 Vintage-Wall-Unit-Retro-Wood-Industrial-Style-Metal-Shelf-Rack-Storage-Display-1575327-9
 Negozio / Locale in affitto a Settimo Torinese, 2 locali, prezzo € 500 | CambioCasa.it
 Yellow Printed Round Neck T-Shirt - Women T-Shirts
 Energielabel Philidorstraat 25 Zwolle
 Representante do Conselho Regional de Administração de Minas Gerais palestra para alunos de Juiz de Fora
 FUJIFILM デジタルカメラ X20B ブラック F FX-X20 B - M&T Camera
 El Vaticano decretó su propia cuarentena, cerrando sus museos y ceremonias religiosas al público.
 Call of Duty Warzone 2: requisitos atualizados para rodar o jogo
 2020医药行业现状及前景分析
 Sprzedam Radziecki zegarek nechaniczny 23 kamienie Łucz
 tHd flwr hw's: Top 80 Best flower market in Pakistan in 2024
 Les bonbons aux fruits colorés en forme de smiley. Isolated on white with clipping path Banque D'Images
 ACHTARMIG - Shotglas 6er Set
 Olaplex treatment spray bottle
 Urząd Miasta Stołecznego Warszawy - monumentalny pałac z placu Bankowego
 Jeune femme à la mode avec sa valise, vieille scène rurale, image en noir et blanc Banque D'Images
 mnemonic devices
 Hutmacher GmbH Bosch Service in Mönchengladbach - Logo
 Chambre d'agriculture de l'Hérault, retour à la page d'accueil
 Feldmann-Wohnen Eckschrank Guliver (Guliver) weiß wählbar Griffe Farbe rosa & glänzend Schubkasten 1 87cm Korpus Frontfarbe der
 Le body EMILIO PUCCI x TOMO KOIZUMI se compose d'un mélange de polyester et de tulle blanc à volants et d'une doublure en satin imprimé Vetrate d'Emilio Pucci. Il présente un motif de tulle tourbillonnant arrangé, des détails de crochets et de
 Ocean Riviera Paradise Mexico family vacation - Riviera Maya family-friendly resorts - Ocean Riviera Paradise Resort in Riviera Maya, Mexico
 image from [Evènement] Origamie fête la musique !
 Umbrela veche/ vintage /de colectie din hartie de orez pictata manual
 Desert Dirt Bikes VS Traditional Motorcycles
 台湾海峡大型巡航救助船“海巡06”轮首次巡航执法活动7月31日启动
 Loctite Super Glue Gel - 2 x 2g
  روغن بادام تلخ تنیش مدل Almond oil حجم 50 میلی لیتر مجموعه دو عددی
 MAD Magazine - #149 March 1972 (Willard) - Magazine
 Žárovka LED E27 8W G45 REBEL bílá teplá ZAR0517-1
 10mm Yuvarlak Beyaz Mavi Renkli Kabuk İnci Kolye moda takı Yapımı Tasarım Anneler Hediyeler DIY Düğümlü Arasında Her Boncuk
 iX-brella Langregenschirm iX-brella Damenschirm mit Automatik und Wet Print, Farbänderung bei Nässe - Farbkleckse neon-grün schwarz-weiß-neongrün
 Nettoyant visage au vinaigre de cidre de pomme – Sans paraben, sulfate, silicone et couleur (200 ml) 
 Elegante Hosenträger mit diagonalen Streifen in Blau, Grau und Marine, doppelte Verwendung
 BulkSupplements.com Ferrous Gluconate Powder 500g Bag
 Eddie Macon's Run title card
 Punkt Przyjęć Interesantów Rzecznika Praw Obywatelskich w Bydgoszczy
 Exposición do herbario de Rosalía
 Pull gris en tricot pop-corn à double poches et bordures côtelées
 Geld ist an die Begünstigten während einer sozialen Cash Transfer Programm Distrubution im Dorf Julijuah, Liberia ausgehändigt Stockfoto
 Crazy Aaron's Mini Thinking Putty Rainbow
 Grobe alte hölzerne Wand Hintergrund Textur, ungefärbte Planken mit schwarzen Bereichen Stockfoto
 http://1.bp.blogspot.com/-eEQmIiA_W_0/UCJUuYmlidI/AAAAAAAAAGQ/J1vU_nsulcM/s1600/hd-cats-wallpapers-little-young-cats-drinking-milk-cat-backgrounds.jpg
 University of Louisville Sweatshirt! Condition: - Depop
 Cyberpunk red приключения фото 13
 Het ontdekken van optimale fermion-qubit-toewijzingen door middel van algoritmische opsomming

* Exercise aim *
In the listing, count every line holding the word "Stockfoto"; answer with the count alone.

* Written response *
2